Lifetime Price Guarantee: Your renewal rate will always remain the same as long as your subscription is active.
30-Day Money-Back Guarantee: If you’re not absolutely satisfied with our service, we’ll provide a full refund within 30 days, no questions asked.
Space is Limited! Only 1000 spots are available for this exclusive offer. Don’t let this chance slip away – subscribe to our Premium Readership Newsletter today and unlock the potential for a life-changing investment.
Here’s what to do next:
1. Head over to our website and subscribe to our Premium Readership Newsletter for just $9.99.
2. Enjoy a month of ad-free browsing, exclusive access to our in-depth report on the Trump tariff and nuclear energy company as well as the revolutionary AI-robotics company, and the upcoming issues of our Premium Readership Newsletter.
3. Sit back, relax, and know that you’re backed by our ironclad 30-day money-back guarantee.
Don’t miss out on this incredible opportunity!
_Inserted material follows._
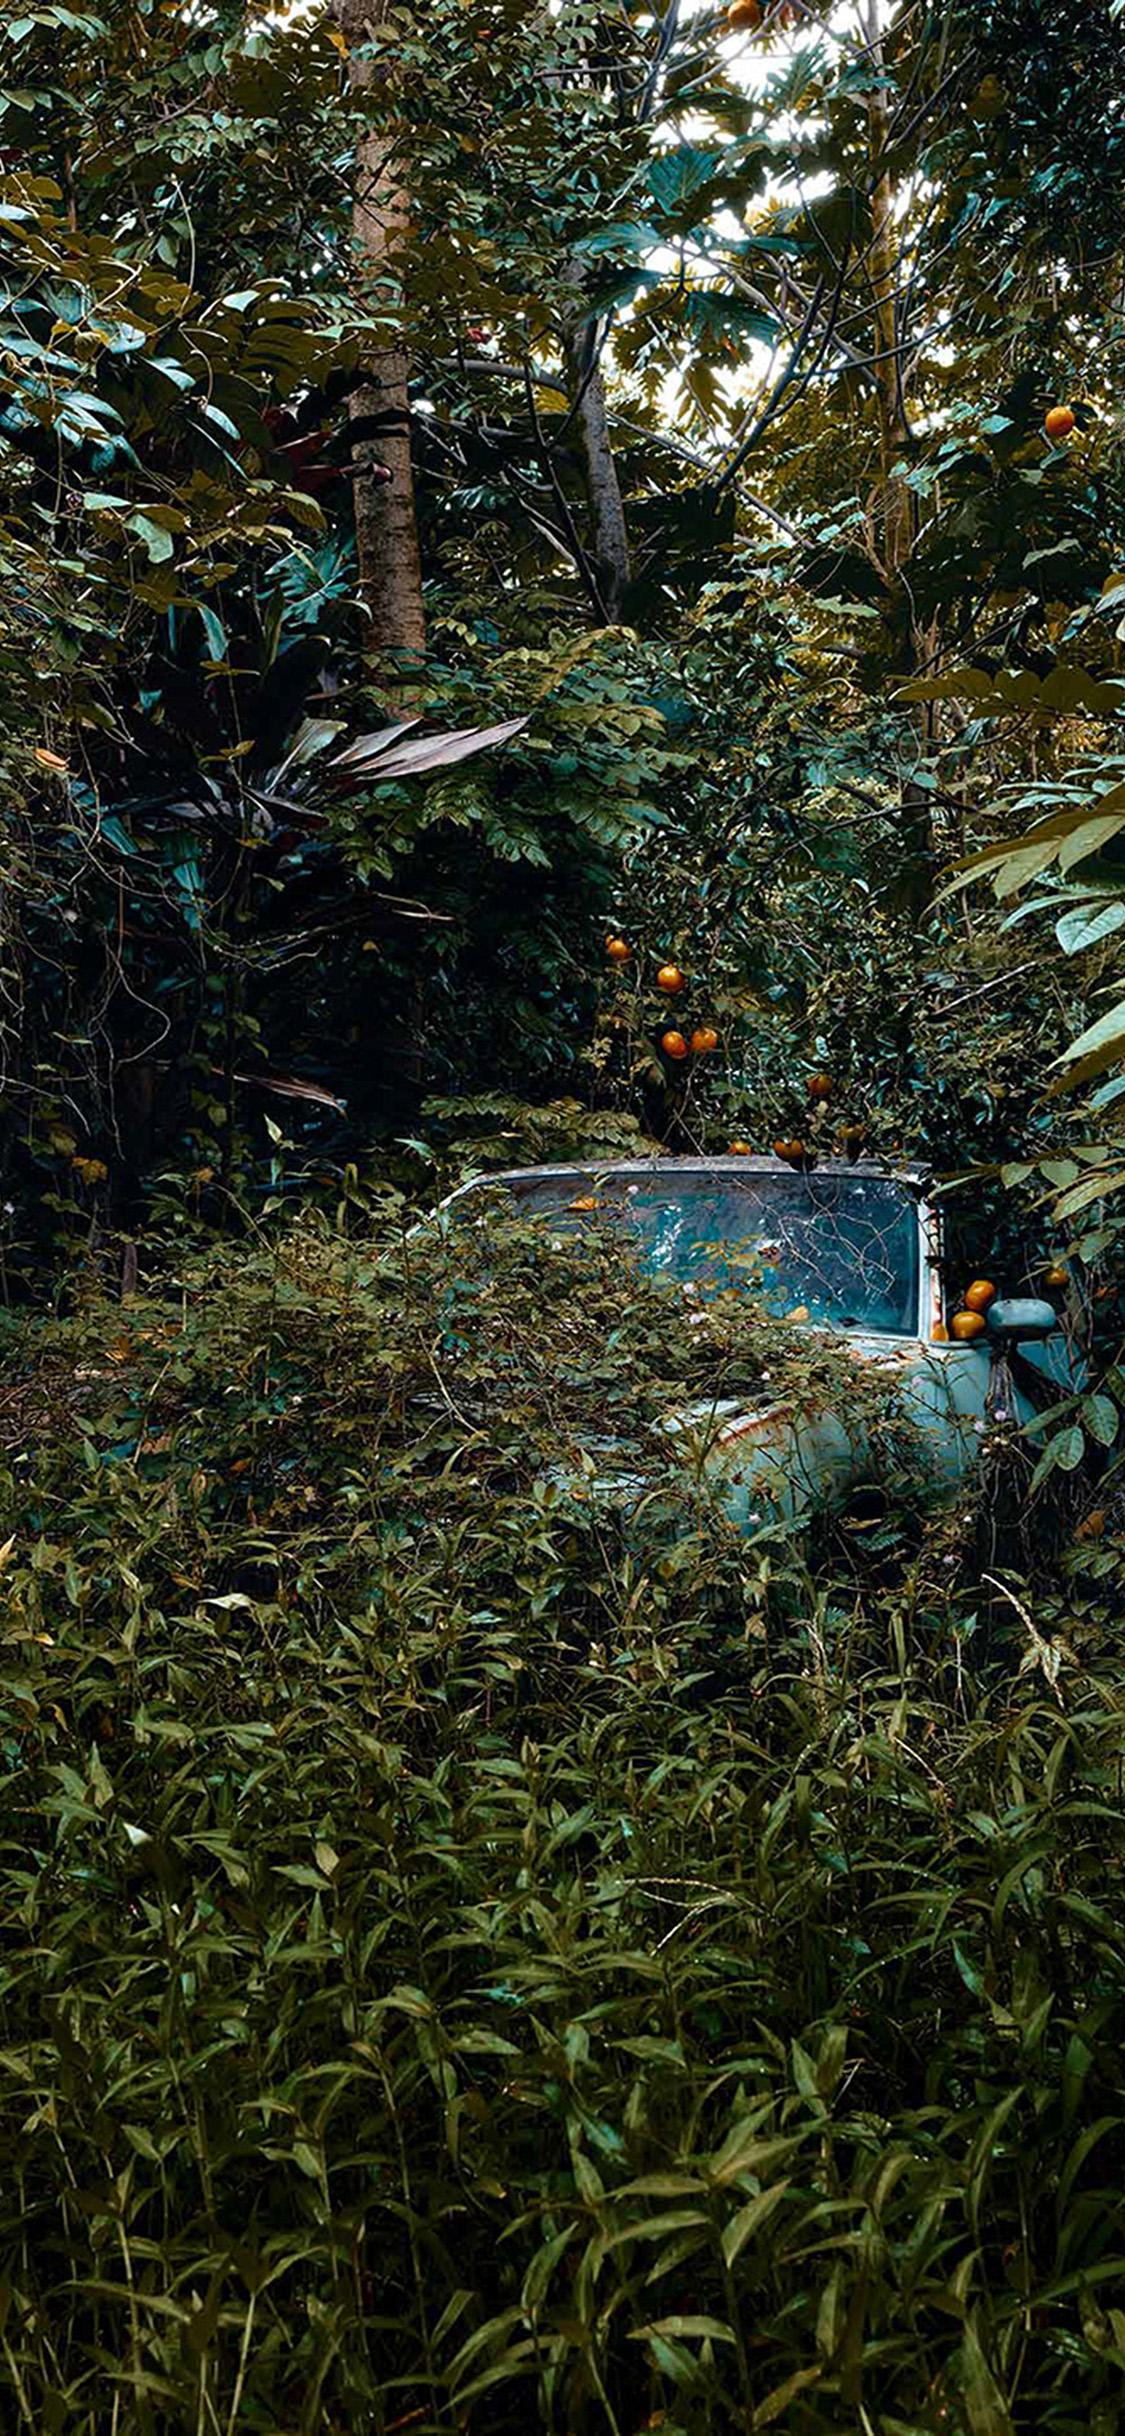 iPhonexpapers.com-Apple-iPhone-wallpaper-bk26-art-forest-car-nature

Subscribe now and take control of your AI investment future!
No worries about auto-renewals! Our 30-Day Money-Back Guarantee applies whether you’re joining us for the first time or renewing your subscription a month later!
I work for one of the largest independent financial publishers in the world – representing over 1 million people in 148 countries.
We’re independently funding today’s broadcast to address something on the mind of every investor in America right now…
Should I put my money in Artificial Intelligence?
Here to answer that for us… and give away his No. 1 free AI recommendation… is 50-year Wall Street titan, Marc Chaikin.
Marc’s been a trader, stockbroker, and analyst. He was the head of the options department at a major brokerage firm and is a sought-after expert for CNBC, Fox Business, Barron’s, and Yahoo! Finance…
But what Marc’s most known for is his award-winning stock-rating system. Which determines whether a stock could shoot sky-high in the next three to six months… or come crashing down.
That’s why Marc’s work appears in every Bloomberg and Reuters terminal on the planet…
And is still used by hundreds of banks, hedge funds, and brokerages to track the billions of dollars flowing in and out of stocks each day.
He’s used this system to survive nine bear markets… create three new indices for the Nasdaq… and even predict the brutal bear market of 2022, 90 days in advance.